It might still be possible to do something here, but the trick would be to not mis-identify single bonds connecting aromatic rings as themselves aromatic -- particularly such bonds in non-aromatic ring systems. Also, double/triple bonds would need to be identified. So, some work -- basically #4270
comment:9 by , 2 years ago
I spoke slightly too soon. I get the correct charges with bond order 1, as long as the carbon bonds are marked as aromatic. I need to check out some systems that involve double bonds. If I _only_ have to mark bond aromaticity correctly, that is a significantly easier task than bond order also (given the info that ChimeraX has on hand [e.g. some conjugated bond systems would be rough to figure out]).

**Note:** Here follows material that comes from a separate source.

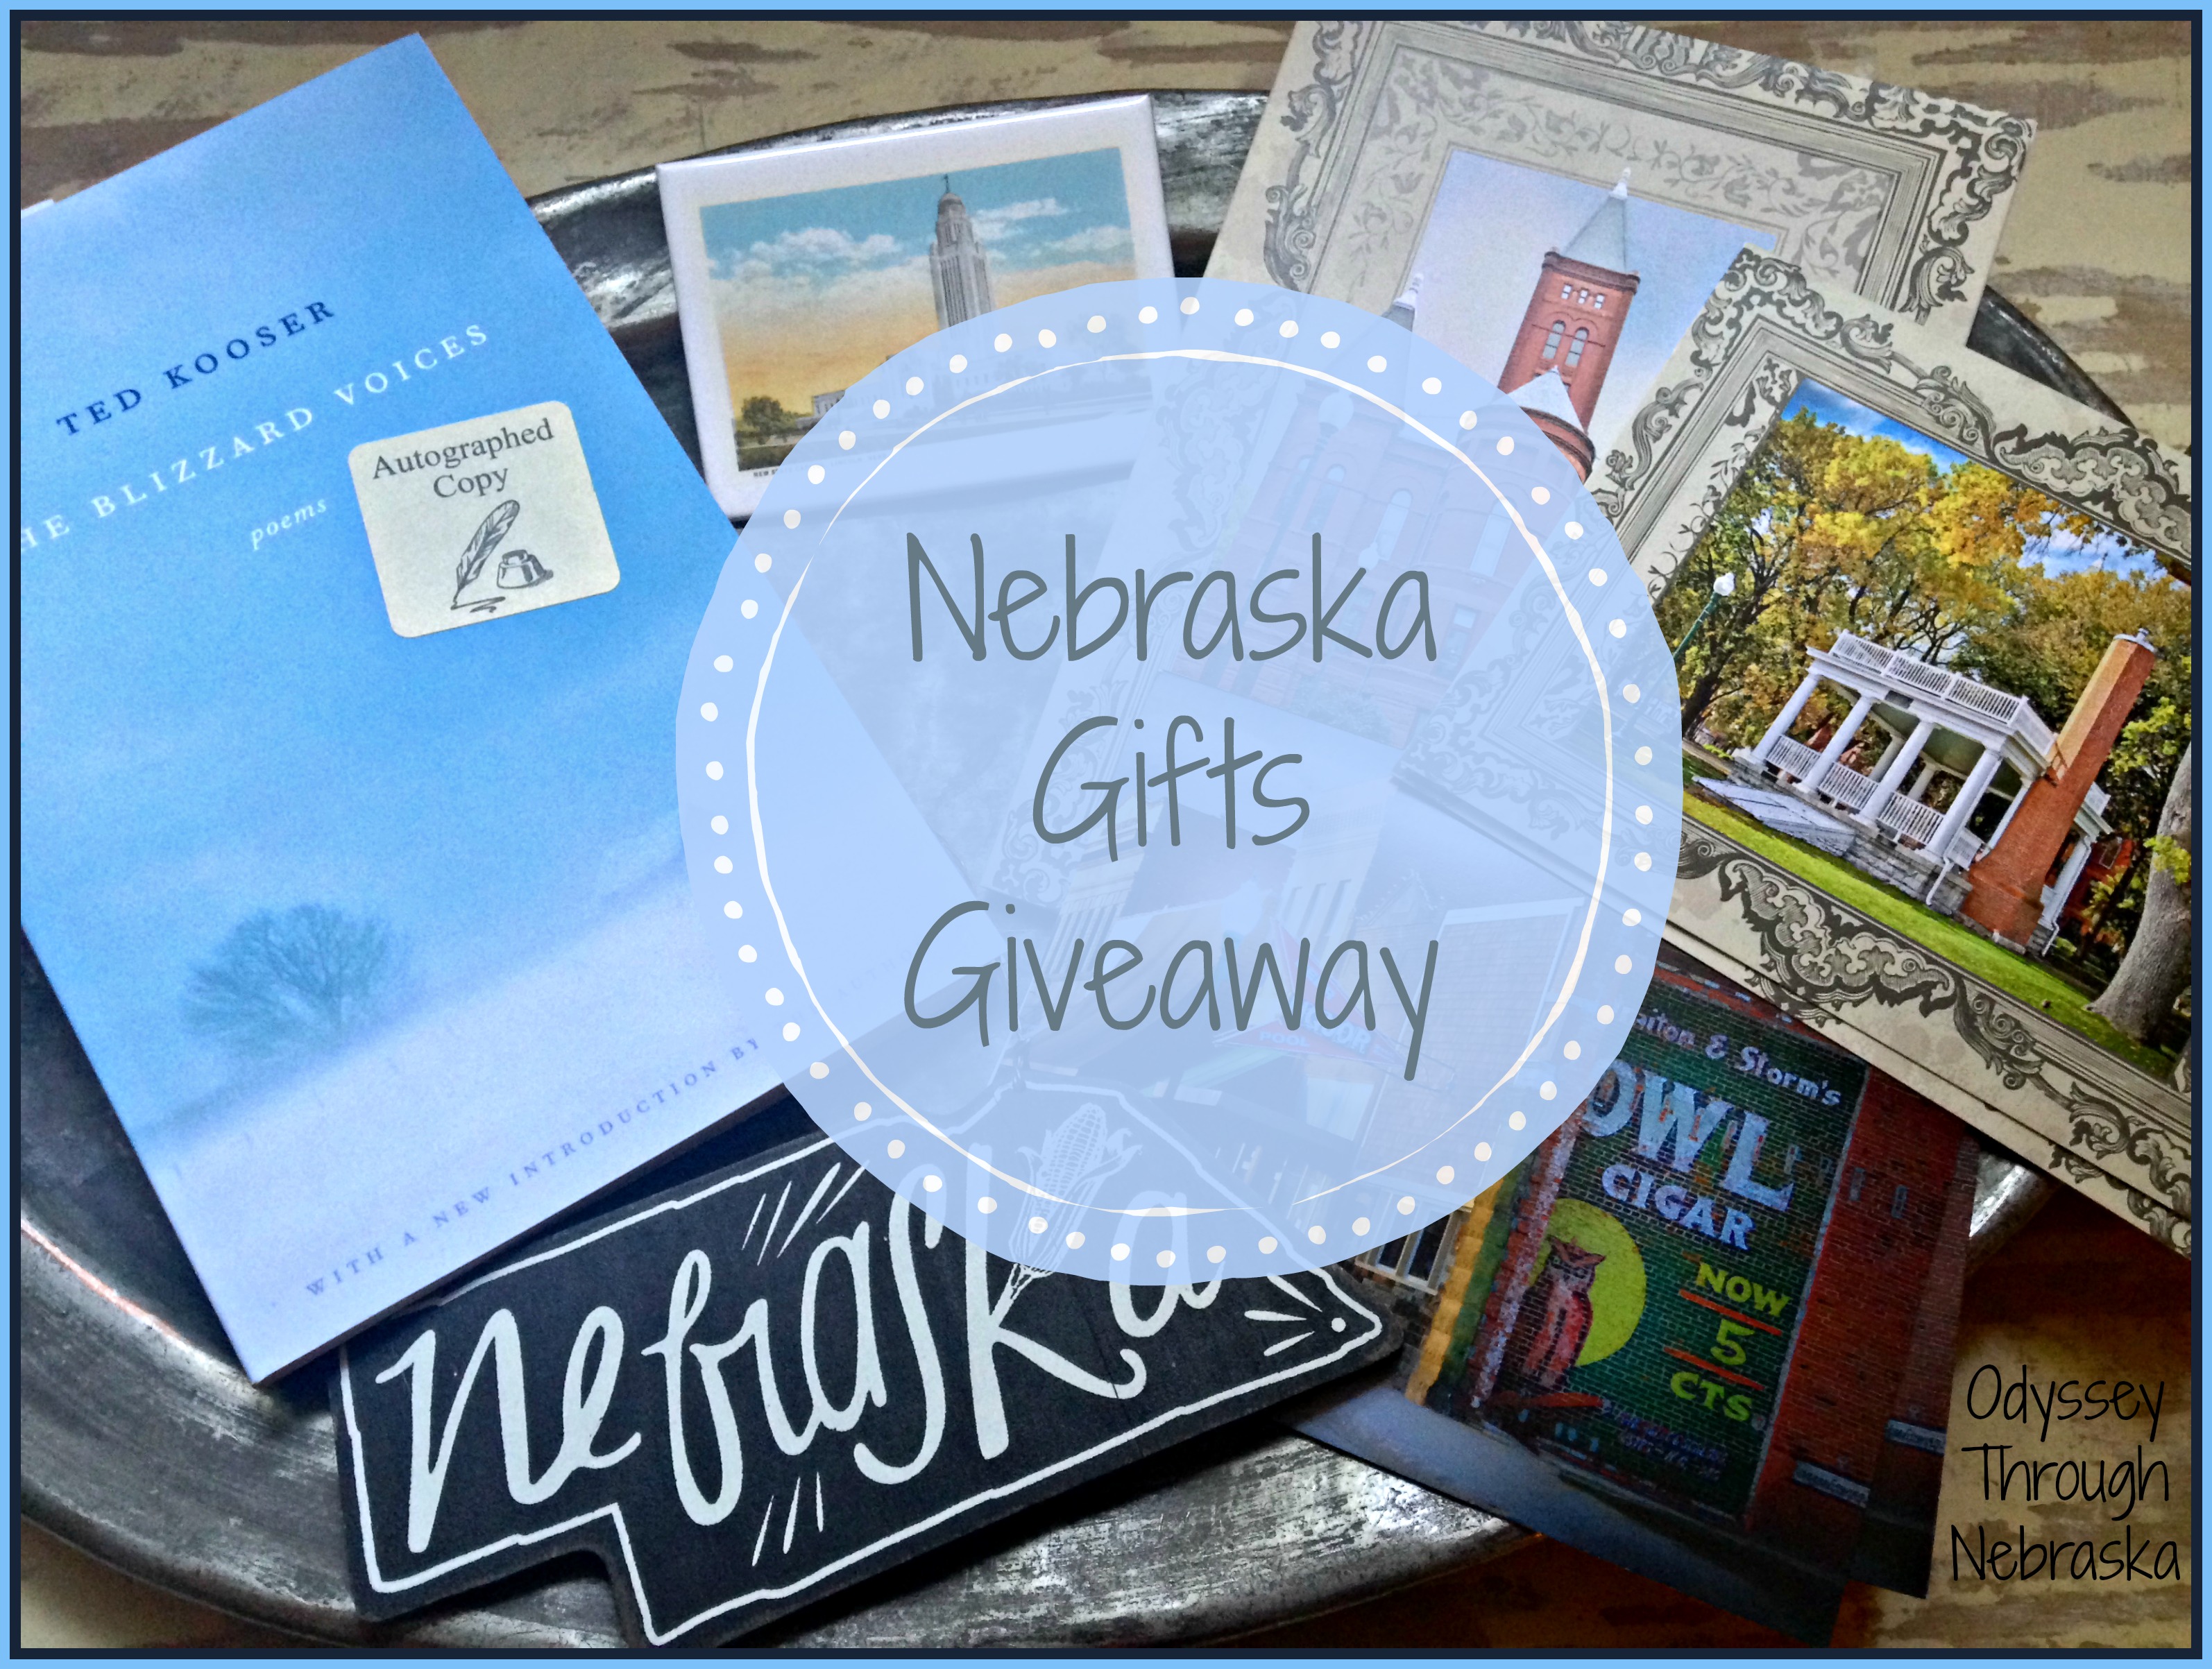 The gifts in this giveaway all represent Nebraska

comment:10 by , 2 years ago
Something to keep in mind: if you do run into hard-to-surmount problems, we could always look into retraining based on the information ChimeraX *can* easily provide. Shouldn’t be hard for me to find the computational resources for that. On Wed, 30 Aug 2023 at 10:39, ChimeraX <ChimeraX-bugs-admin@cgl.ucsf.edu> wrote: > >
comment:11 by , 2 years ago
It seems that Espaloma and Amber charges differ markedly. For an alanine-phenylalanine dipeptide, if I only indicate the aromatic bonds and assign all bond orders as 1, then Espaloma charges differ from Amber charges by an average magnitude of .135 per atom. If I use bond order of 1.5 for the aromatic and resonance bonds, then the difference drops to .122 . The biggest difference is probably at the N terminus, where Amber assigns positive charge values to all the atoms, including the N, whereas Espaloma assigns a markedly negative charge to the N and high positive charges to the hydrogens.

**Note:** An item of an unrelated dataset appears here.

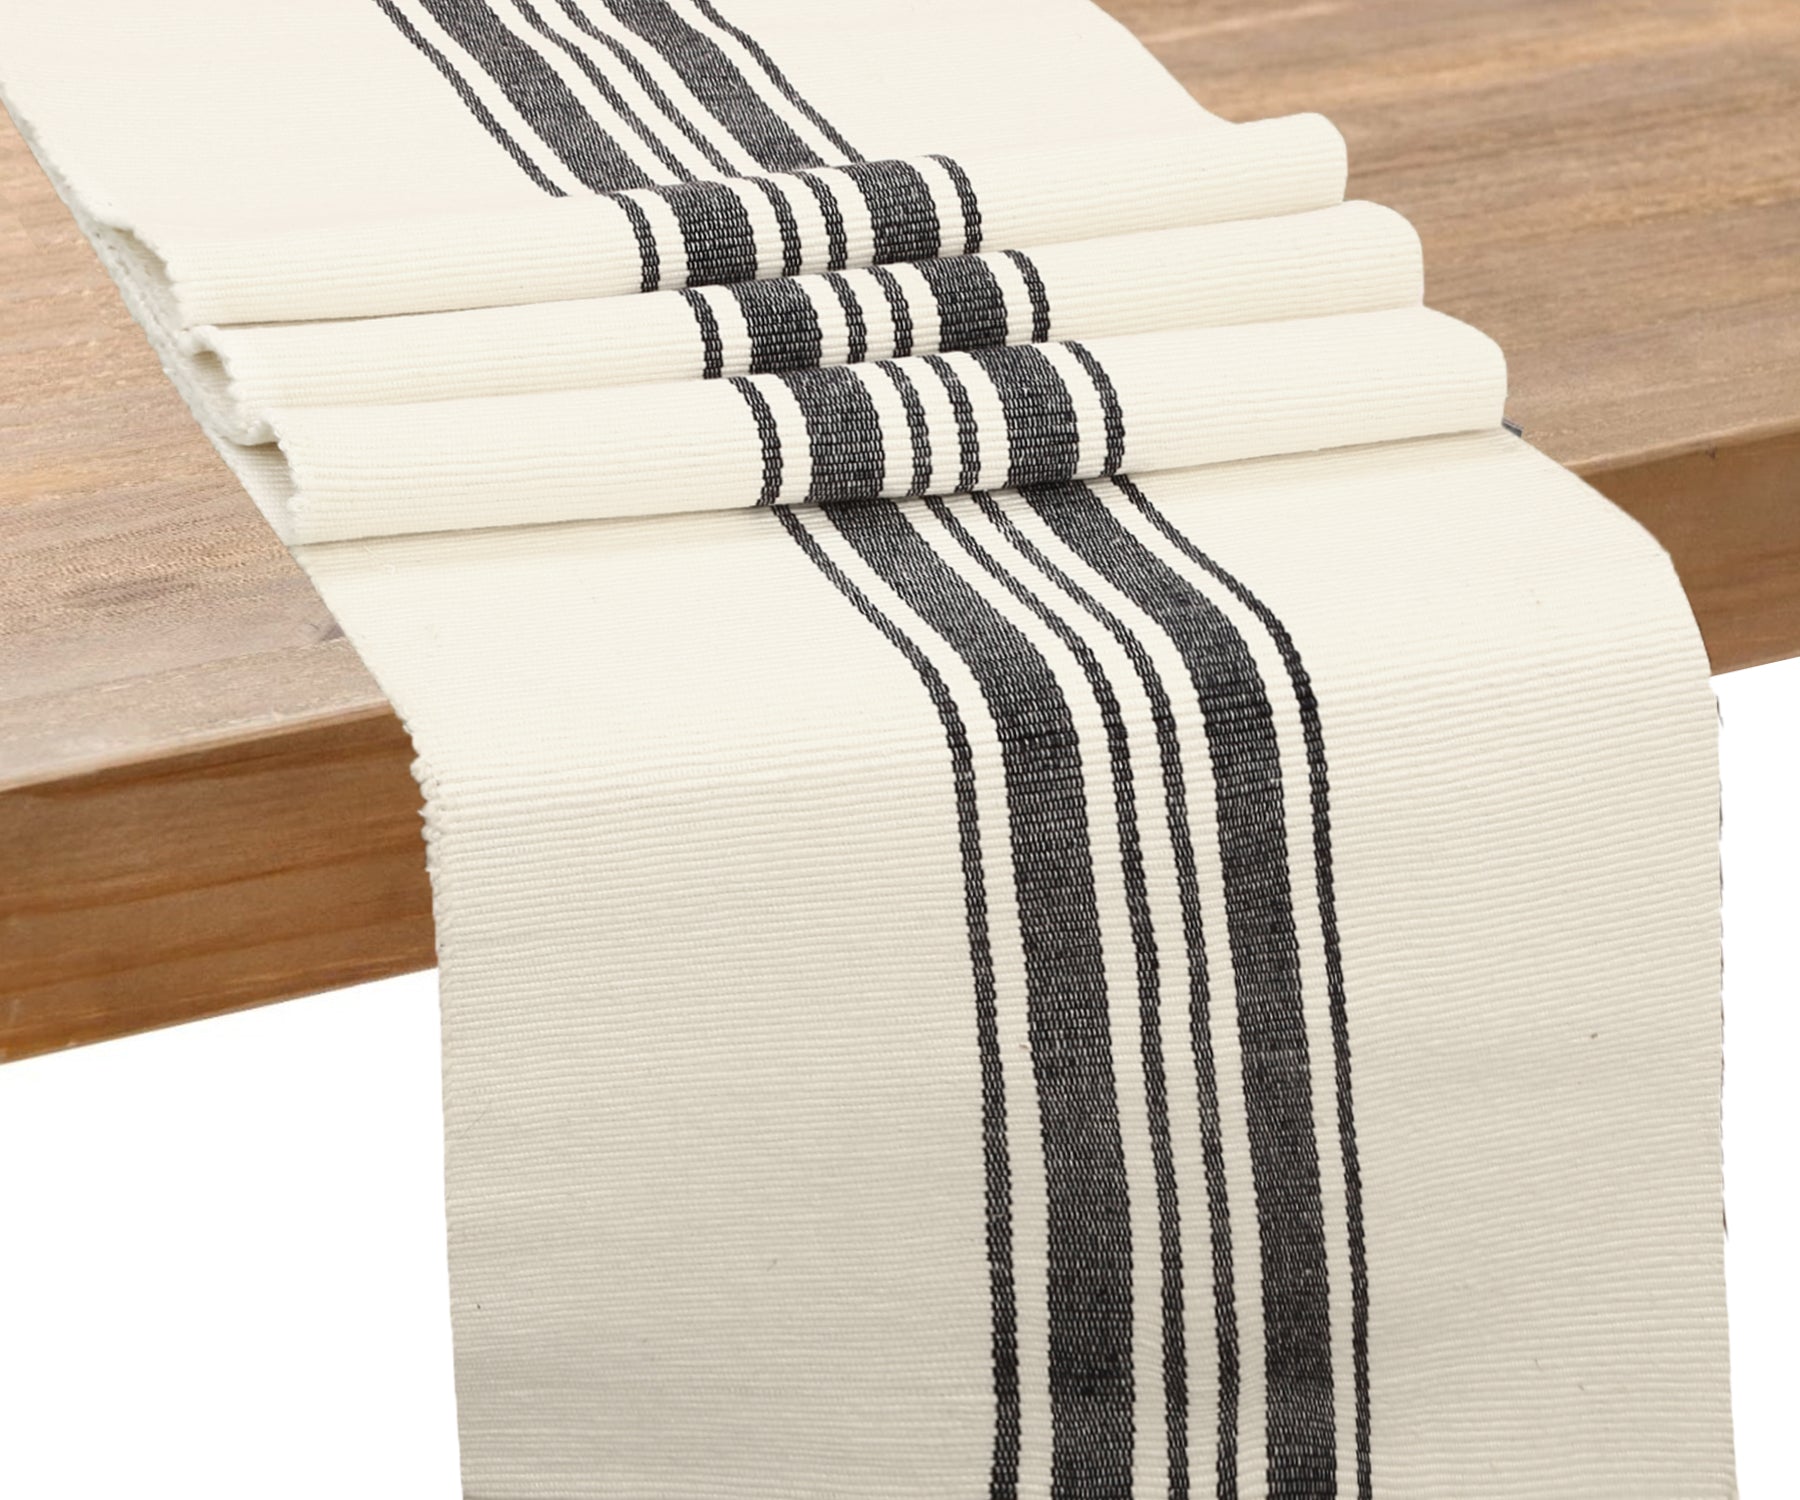 Farmhouse charm with a classic striped table runner.

I'm attaching 4 images. One is the dipeptide simply colored by element type. The second is colored by Amber charges. The third by (the less different) Espaloma charges. And the fourth by the difference in the two charge sets (Amber - Espaloma).
by , 2 years ago
| Attachment: | diff_true.png added |
|---|
Color by difference between Amber and Espaloma charges
comment:13 by , 2 years ago
Could see if John C. wants to join the thread to discuss the charge differences? On Sat, 2 Sep 2023 at 11:30, ChimeraX <ChimeraX-bugs-admin@cgl.ucsf.edu> wrote: > >
comment:14 by , 2 years ago
Forgot to mention that I also had to specify formal charges (e.g. +1 for the N-terminal nitrogen).
I doubt getting John C. involved about the charge differences is worthwhile. I think Espaloma is well tested and we would use it if we can get it to work for us. The biggest difference (at the N-terminal ammonium cation) probably only makes a difference for short-range interactions where the higher positive charge on the hydrogens will make cation seem more positive than the Amber version. Since the combined N + hydrogens charge difference is minimal, at longer distances the cations will interact similarly.
I don't think I would want to use a system where I have to annotate the formal charges and bond orders accurately, so the question becomes how hard is it to train Espaloma just on IDATM types and bond connectivity. Would that be something we could do ourselves, or would John's group need to be involved?
comment:15 by , 2 years ago
Well… according to their paper and claims it’s *supposed* to be easy to retrain, but there’s always the question of how much that pans out in reality. We should be able to provide the computational resources… will make some enquiries once I’m back next week. On Fri, 15 Sep 2023 at 07:42, ChimeraX <ChimeraX-bugs-admin@cgl.ucsf.edu> wrote: > > > >
comment:16 by , 2 years ago
So it looks like I should be able to get fairly easy access to a 8 x A100 instance. Will ask John for an estimate of how long retraining would take on that. On Thu, Sep 14, 2023 at 11:43 PM ChimeraX <ChimeraX-bugs-admin@cgl.ucsf.edu> wrote: > > > >
comment:17 by , 2 years ago
Just got off a Zoom call with the bosses. They're keen to see this happen (as a separate, free open-source plugin that ISOLDE and any other MD-related plugins can rely on). Will discuss further with the local ML engineers next week. On Mon, Sep 25, 2023 at 12:01 PM ChimeraX <ChimeraX-bugs-admin@cgl.ucsf.edu> wrote: > > > >
comment:18 by , 2 years ago
I have downloaded the SPICE dataset but haven't done anything with it yet. I was going to try to train, just learning partial charges, while screening out compounds that ChimeraX knows it isn't getting right (a warning about bond orders goes to stderr).
I guess we need to agree on how to proceed, who's doing what work, what the final product is, etc. Would you want other parameters learned besides partial charge? If it's packaged as a Toolshed plugin, how does ChimeraX itself use it in builtin code? (I can think of ways, but it's new ground for us). Since my work is theoretically owned by the regents of the university, there may be issues in making the code completely open source if I work on it.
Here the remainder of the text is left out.